◆ ACTIVITY ◆
Copy the data that follows exactly. Include no pictures.

◆ DATASET CONTENT ◆
=====

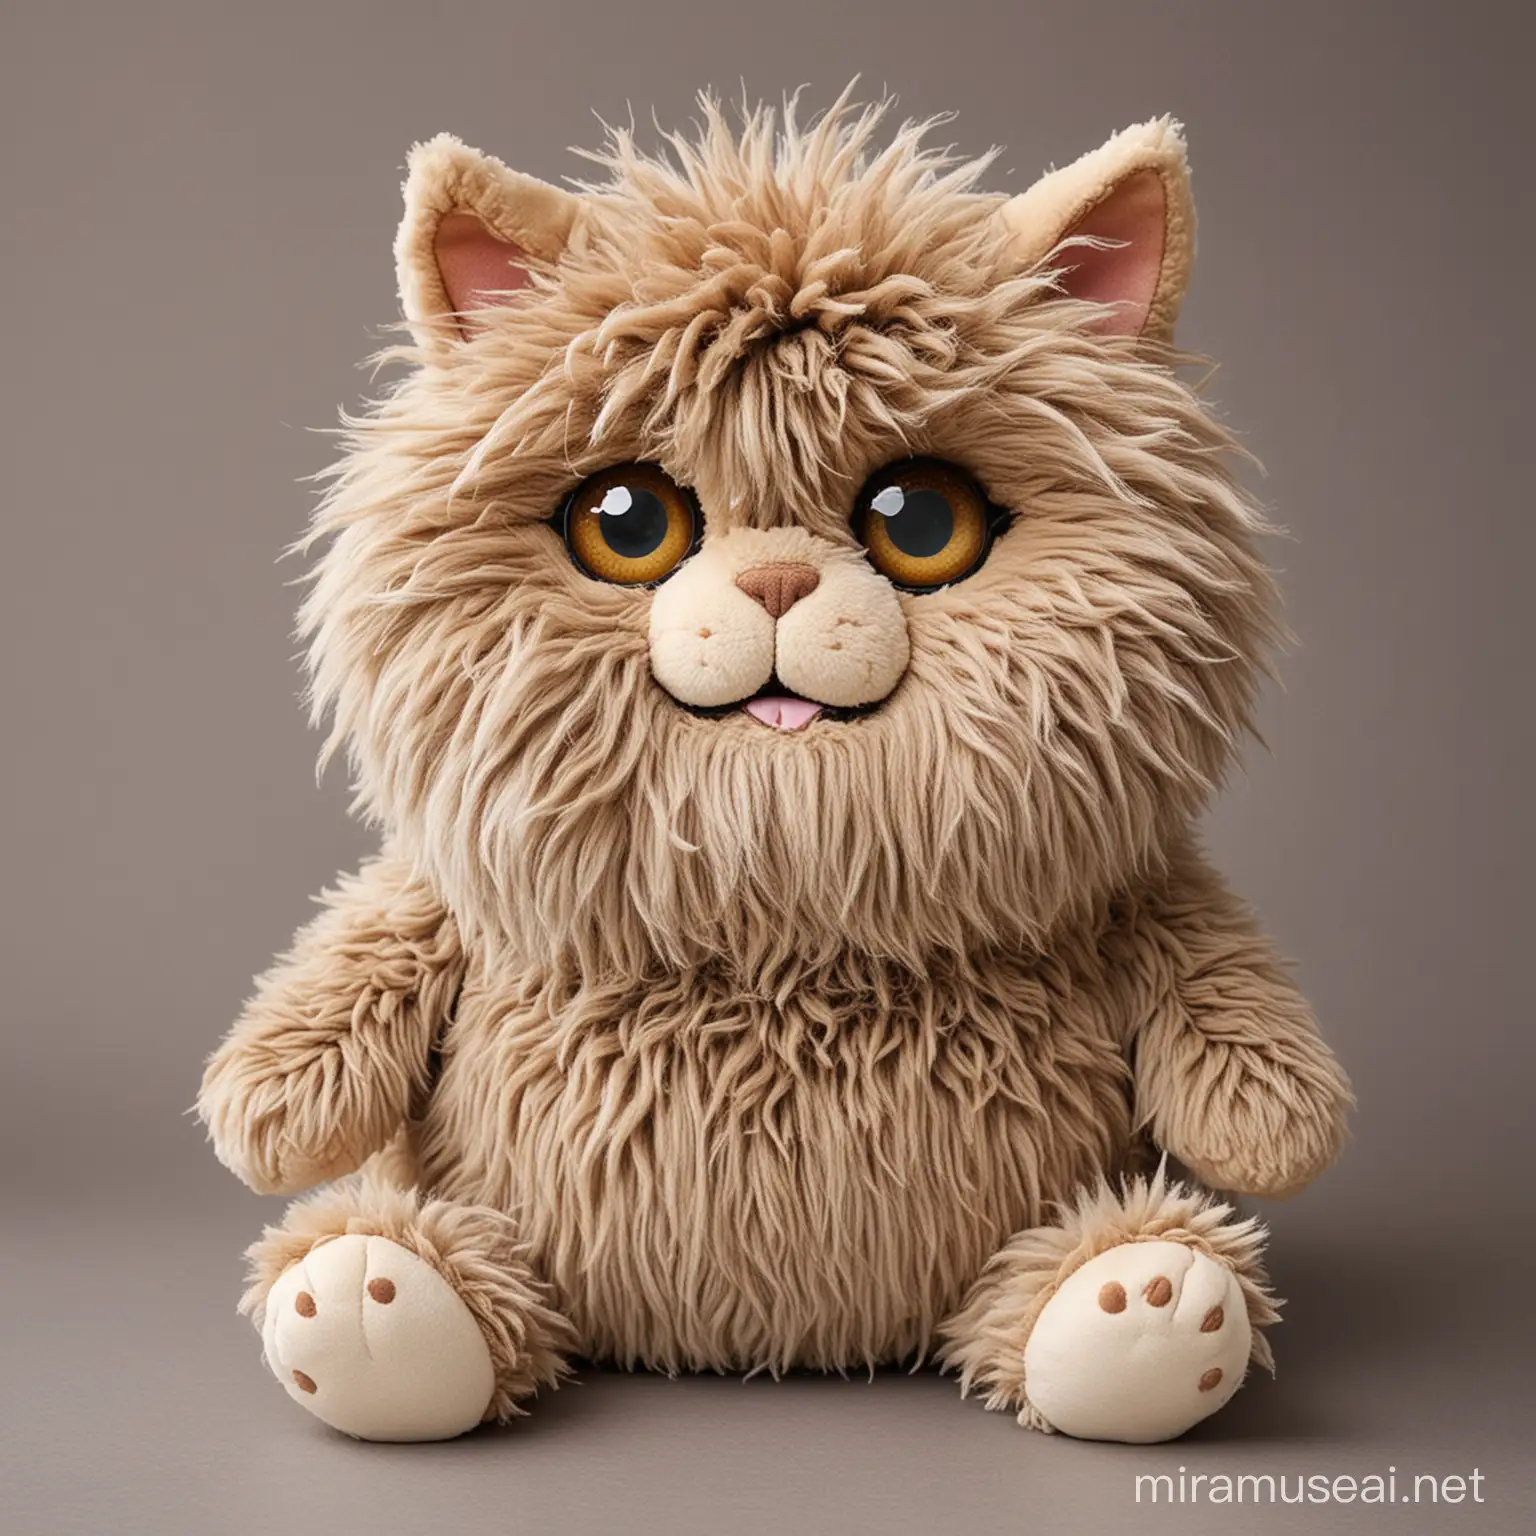 Adorable Plush Toy Fluffy Fat Cat with Big Eyes
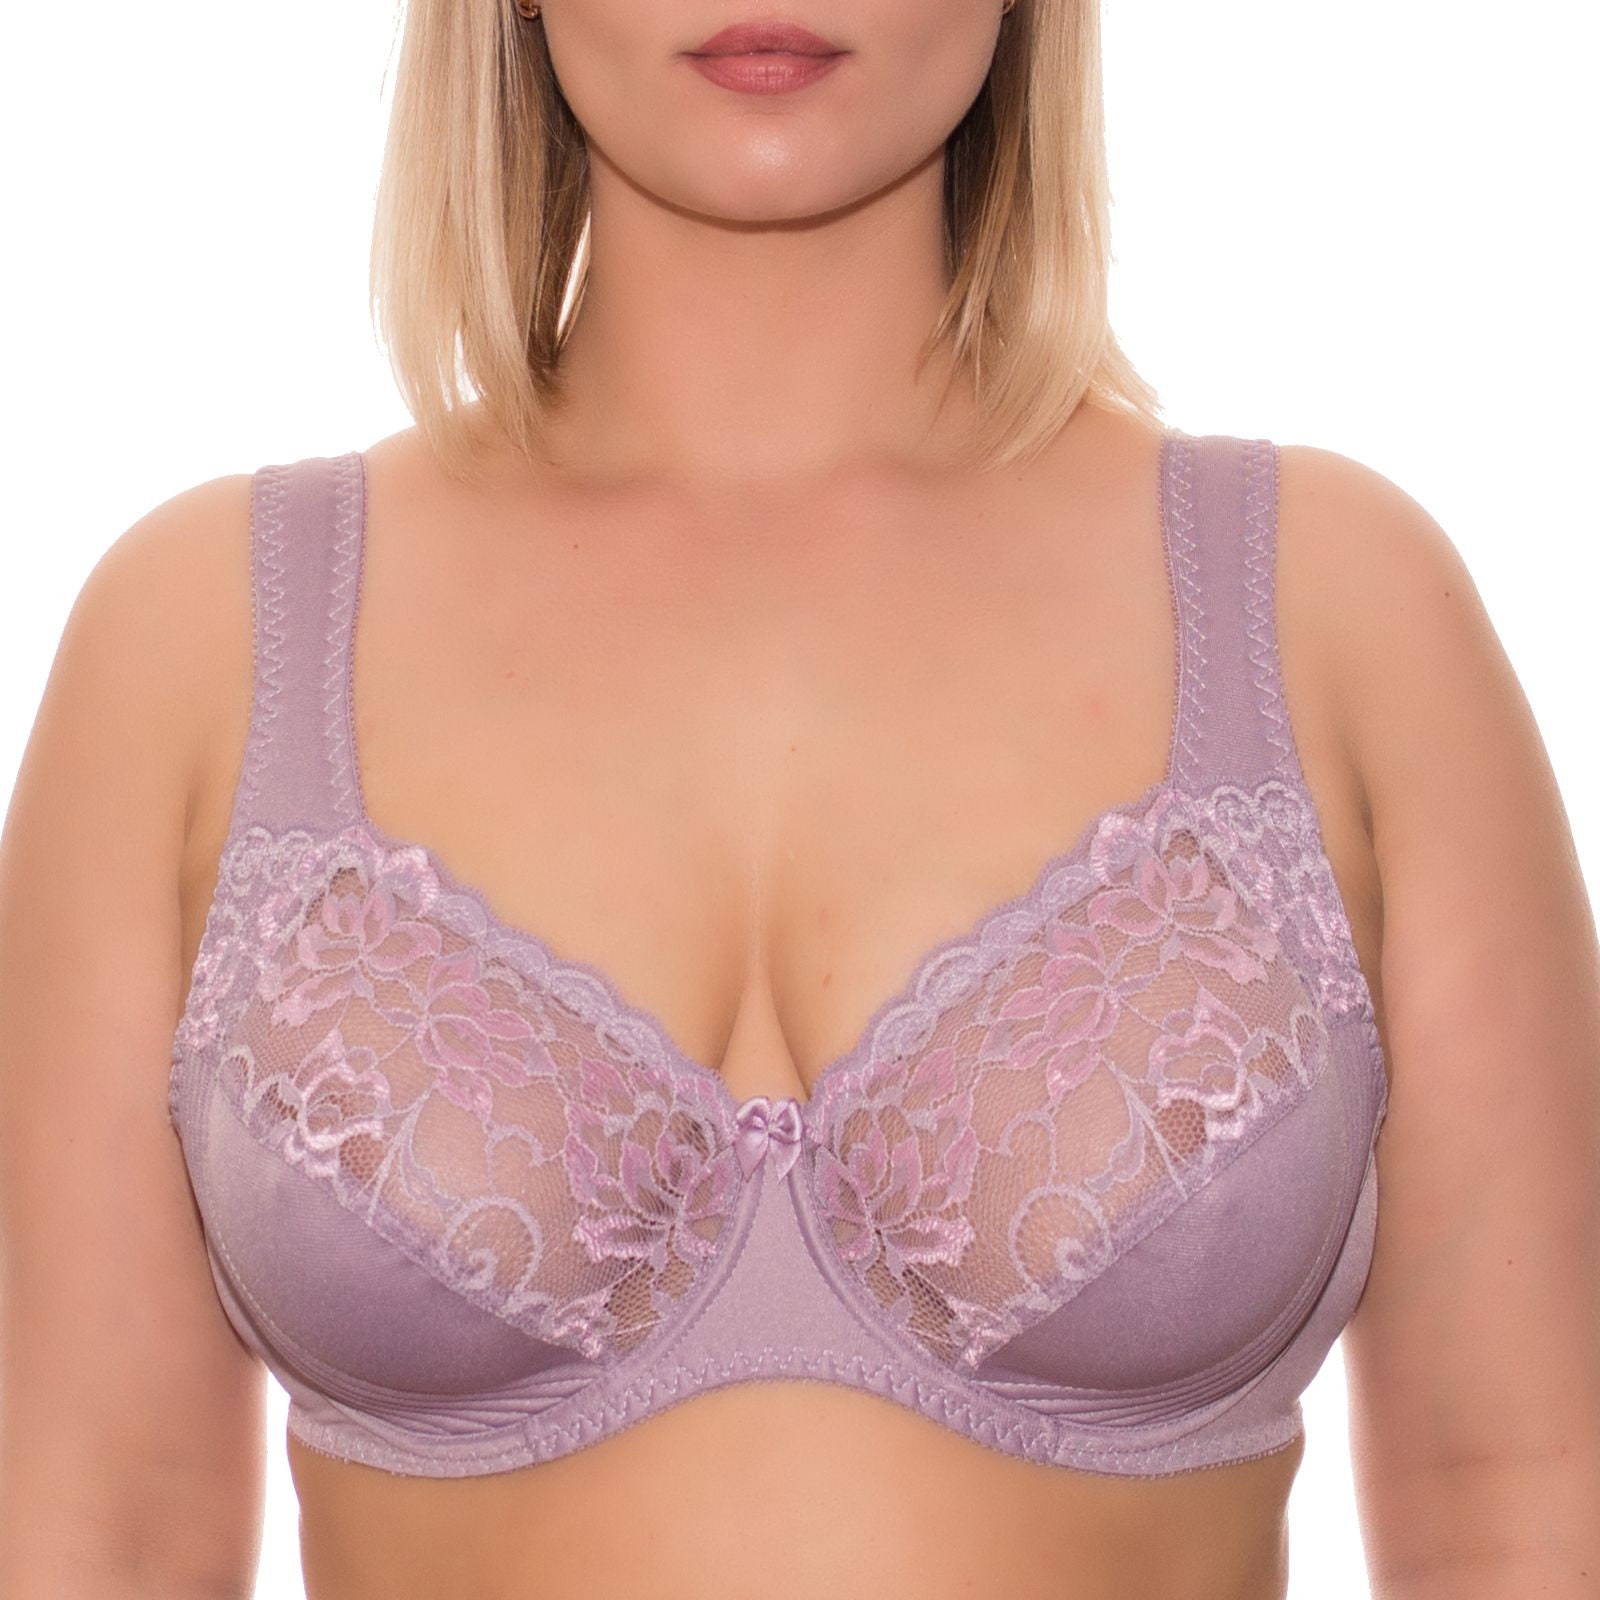  Minimizer Bras For Women Full Coverage Underwire Bras For  Heavy Breast 42G Pastel Blue
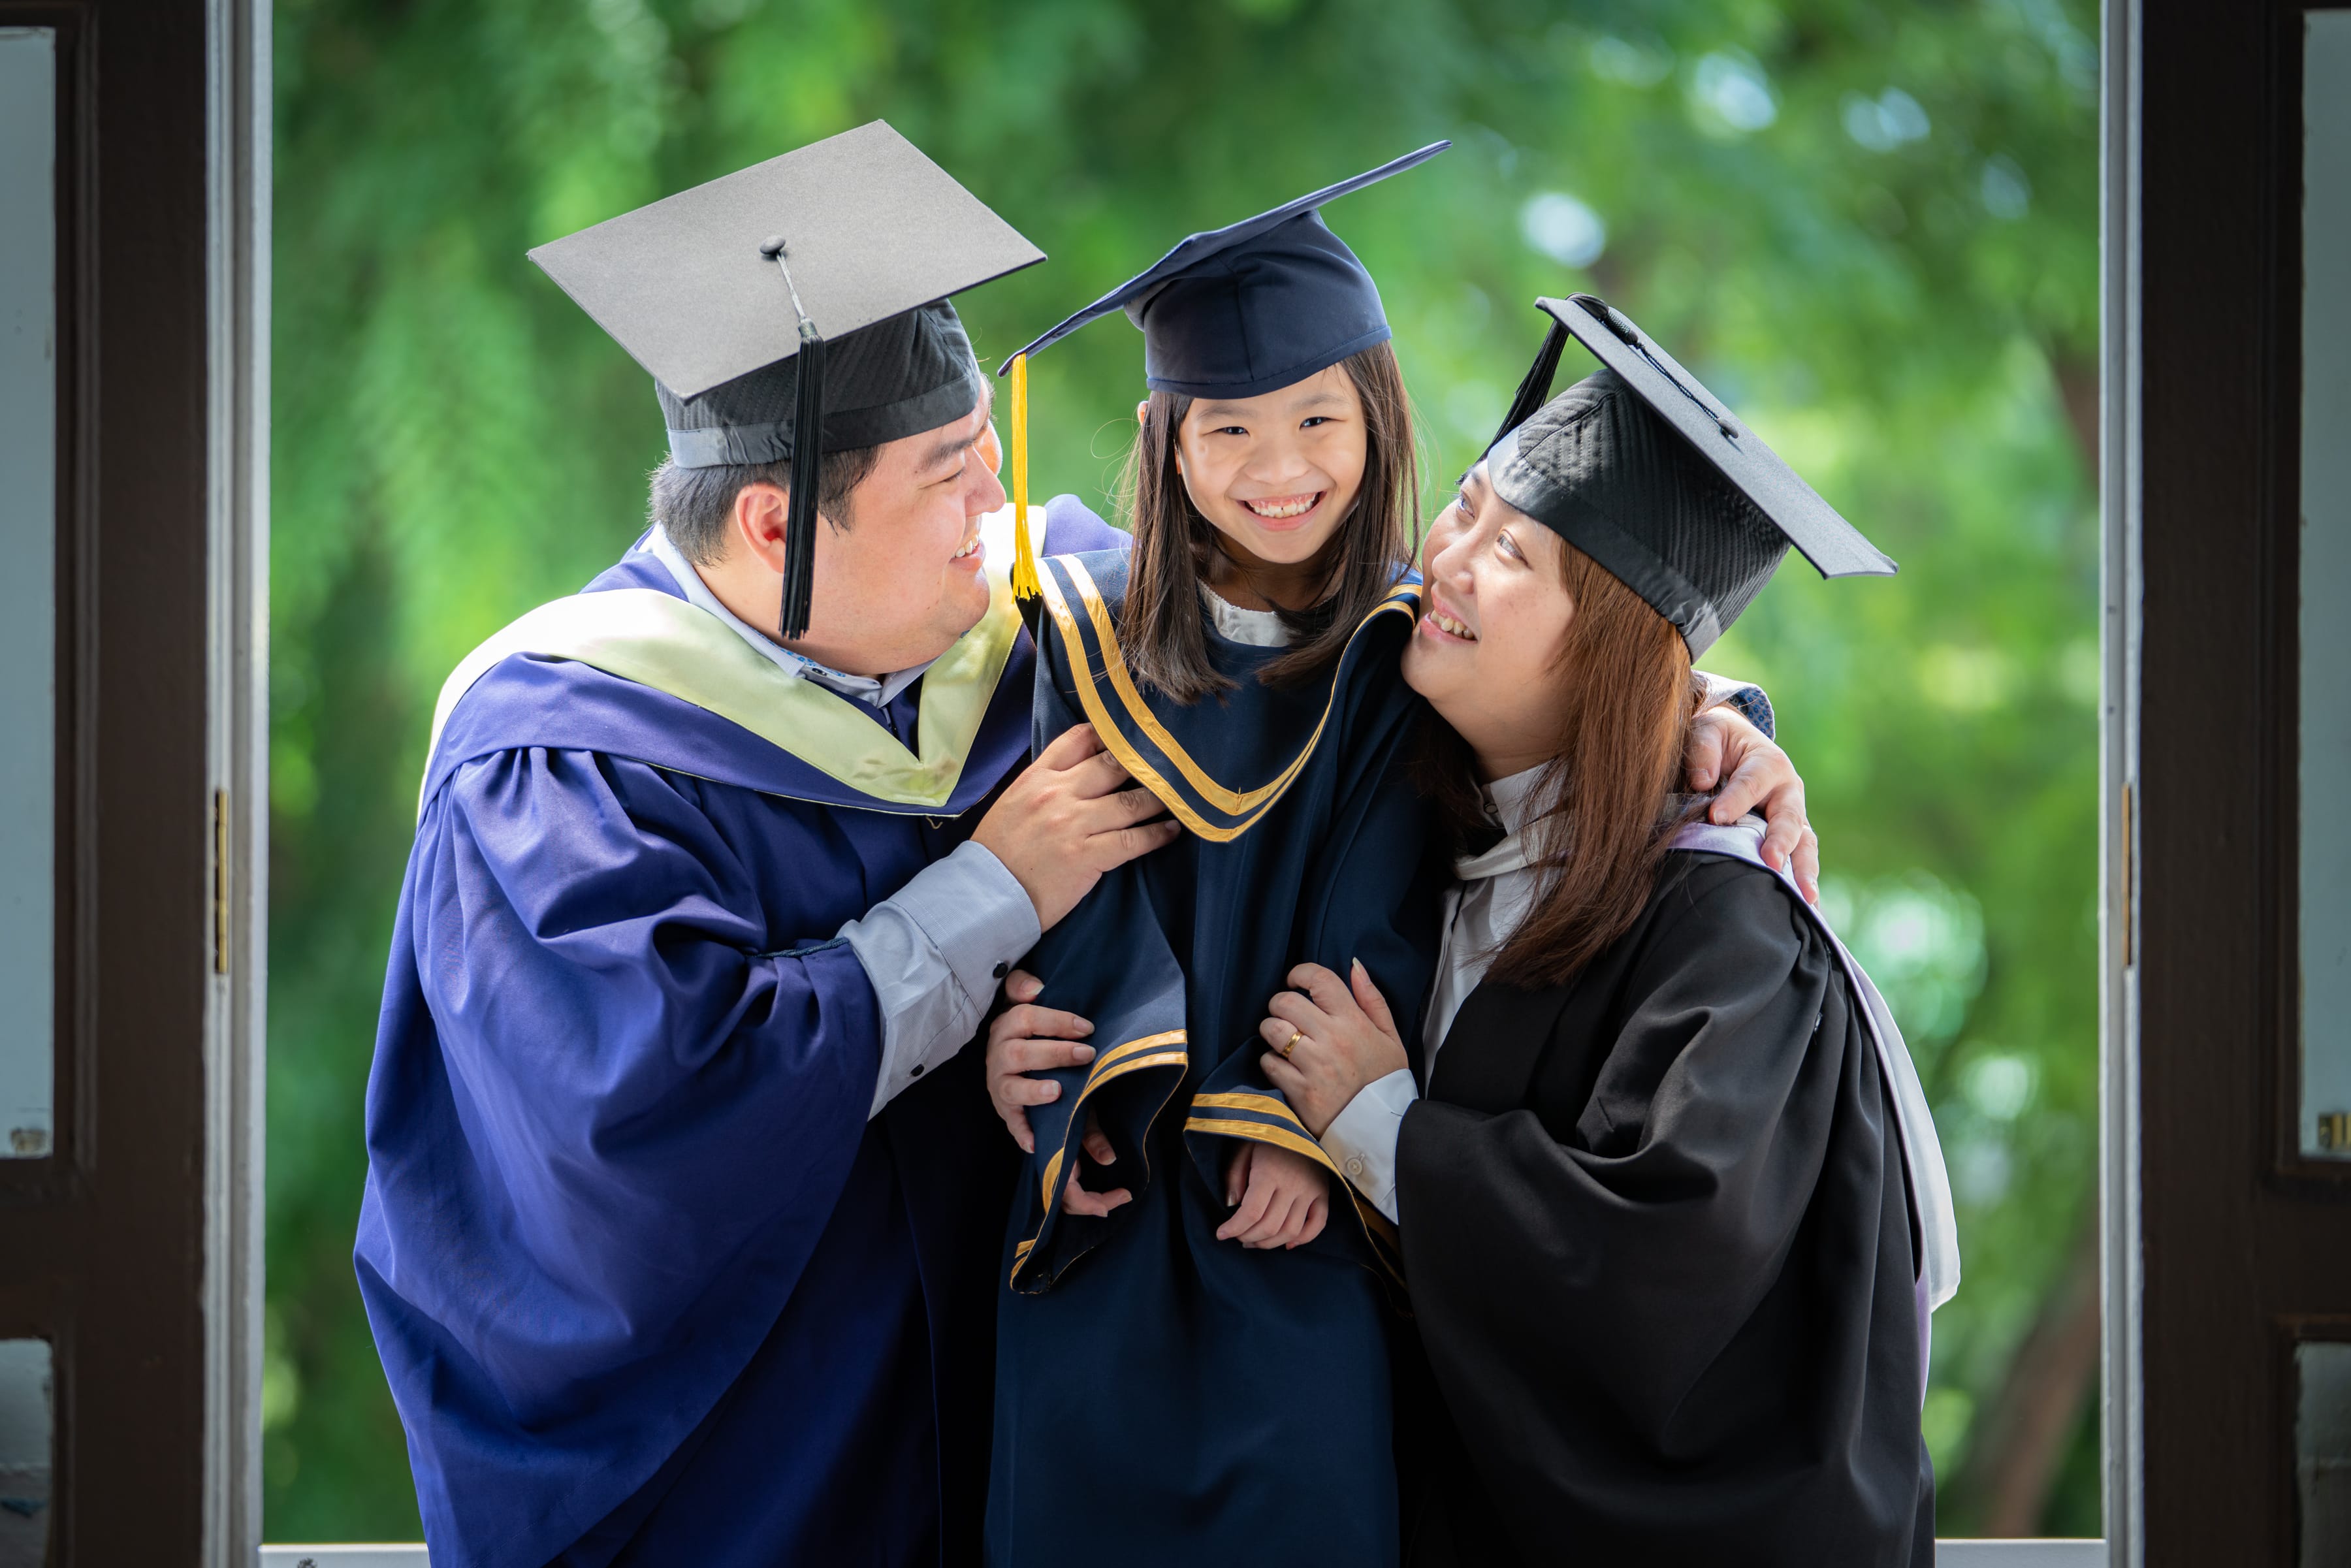 Smiling Father and Mother in university graduation gown carrying daughter in K2 kindergarten graduation gown and cap with nature scenery background during a k2 kindergarten graduation photoshoot in Singapore Credit: White Room Credit Studio

=====

◆ TASK RESPONSE ◆
 Adorable Plush Toy Fluffy Fat Cat with Big Eyes
  Minimizer Bras For Women Full Coverage Underwire Bras For  Heavy Breast 42G Pastel Blue
 Smiling Father and Mother in university graduation gown carrying daughter in K2 kindergarten graduation gown and cap with nature scenery background during a k2 kindergarten graduation photoshoot in Singapore Credit: White Room Credit Studio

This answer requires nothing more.